Only the lines from the one that contains "Viacutea Crucis en" to the last line below, both included, should be transcribed. Pictures stay out of the copy.

> Data block
*** Begin section ***

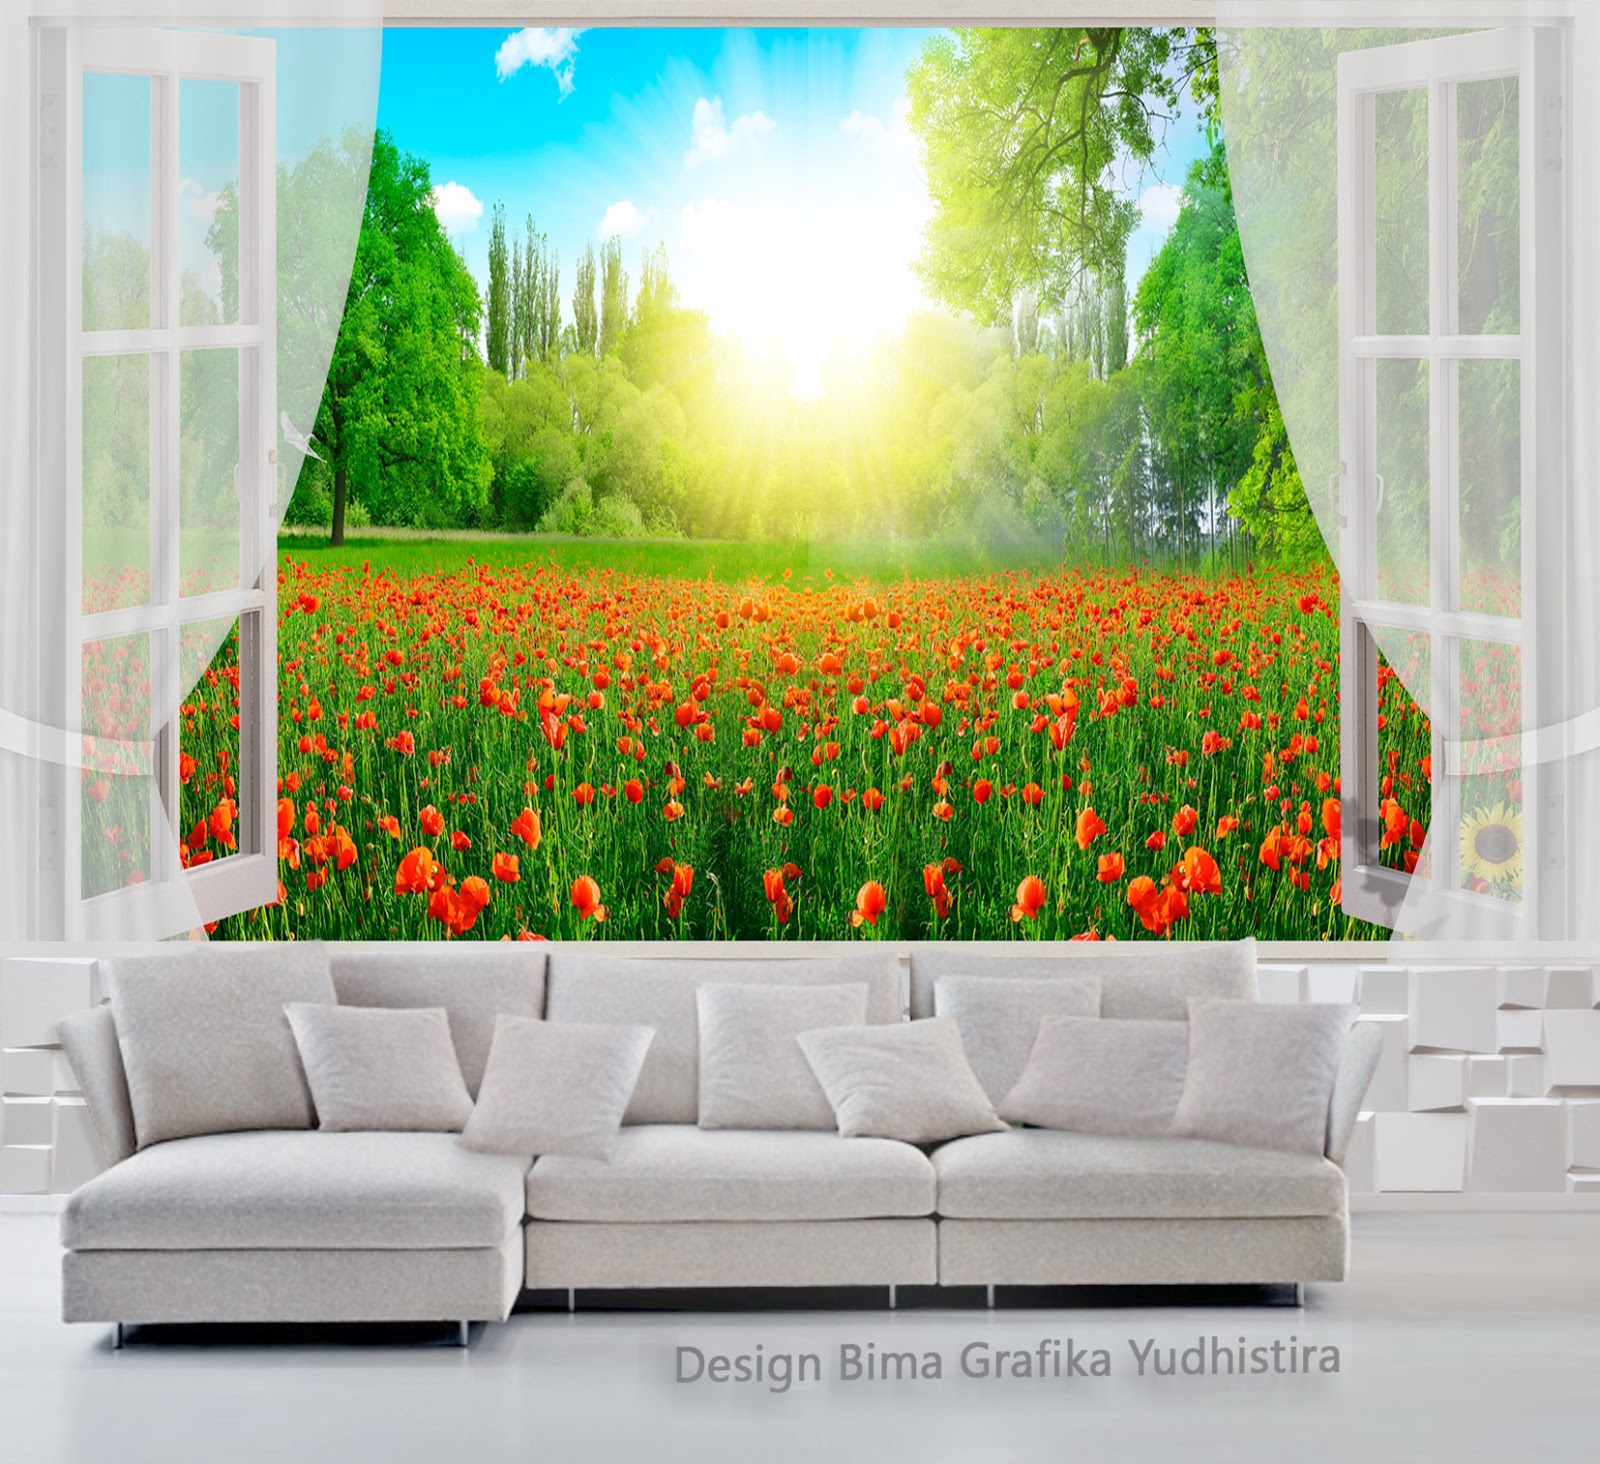 carta da parati dinding 3d,natura,paesaggio naturale,verde,arte moderna,murale
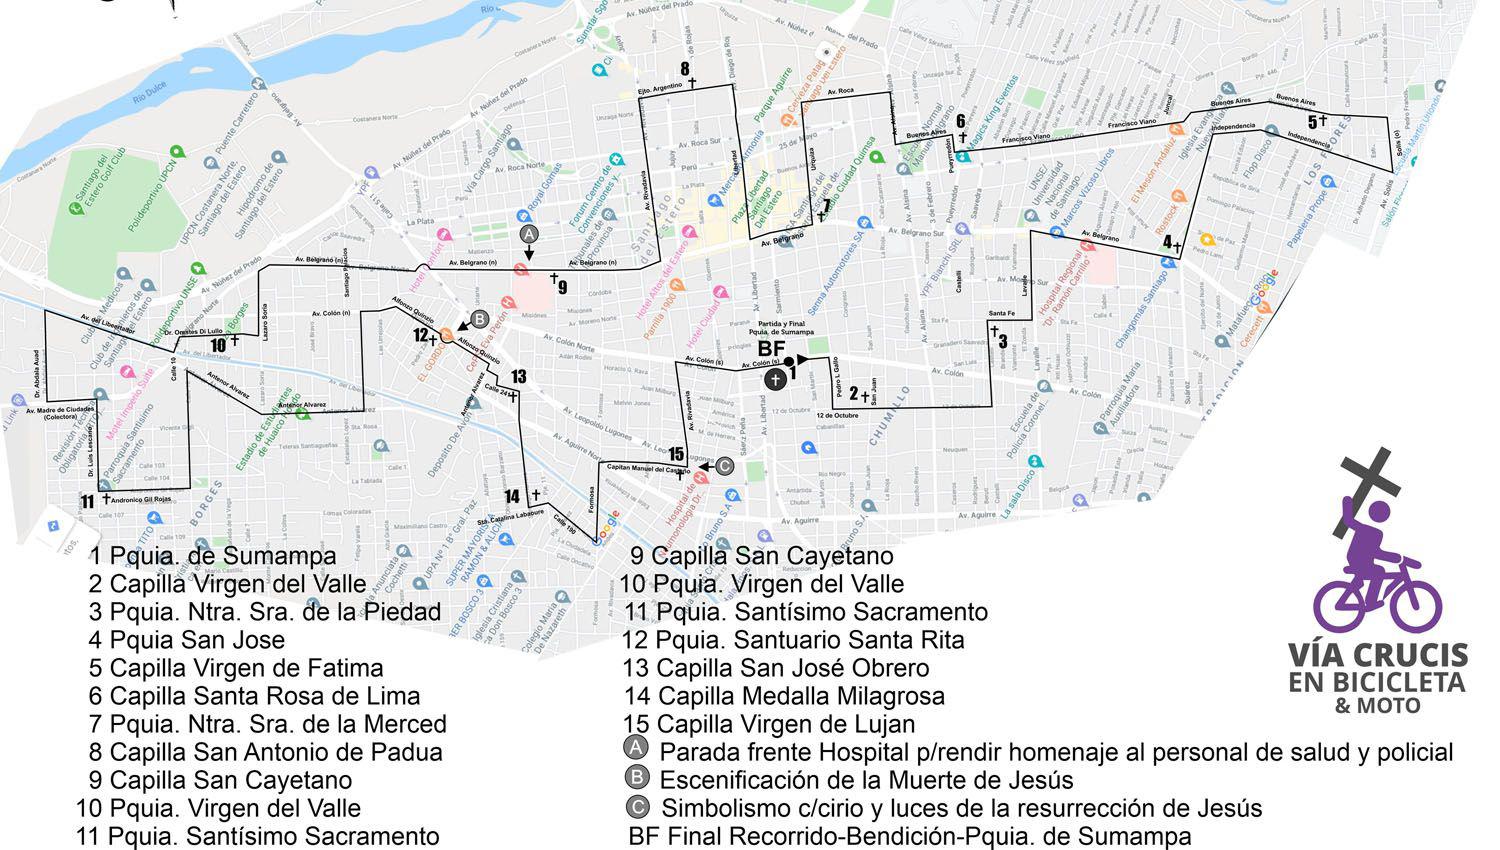 Viacutea Crucis en Bicicleta- visitaraacute 15 templos de Santiago
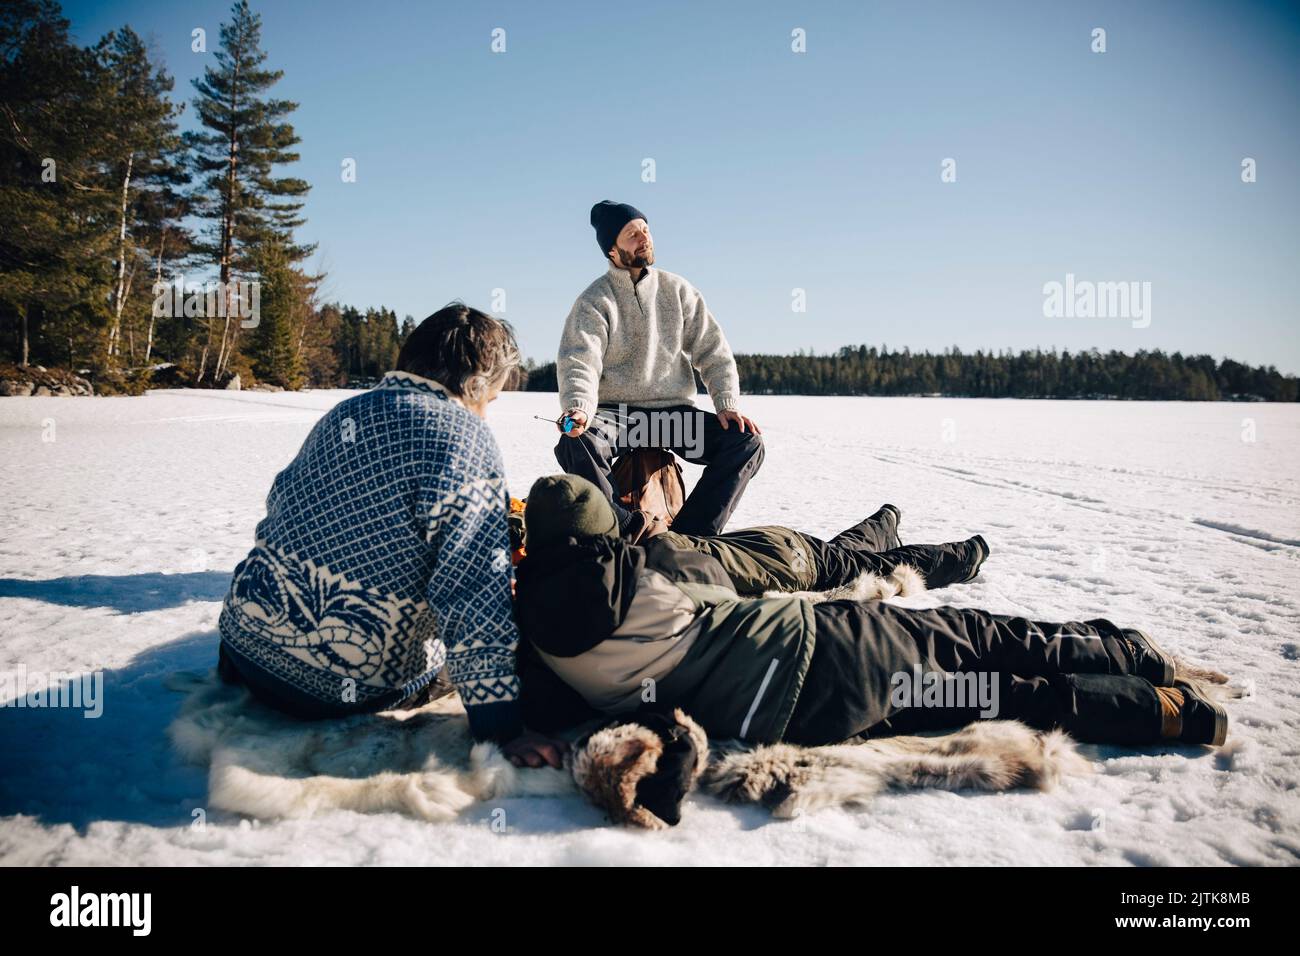 Vater und Sohn sitzen auf Tierhaut, während sie mit Freunden Eisfischen und im Winter sonnigen Tag genießen Stockfoto

*** End section ***

> Response area
 Viacutea Crucis en Bicicleta- visitaraacute 15 templos de Santiago
 Vater und Sohn sitzen auf Tierhaut, während sie mit Freunden Eisfischen und im Winter sonnigen Tag genießen Stockfoto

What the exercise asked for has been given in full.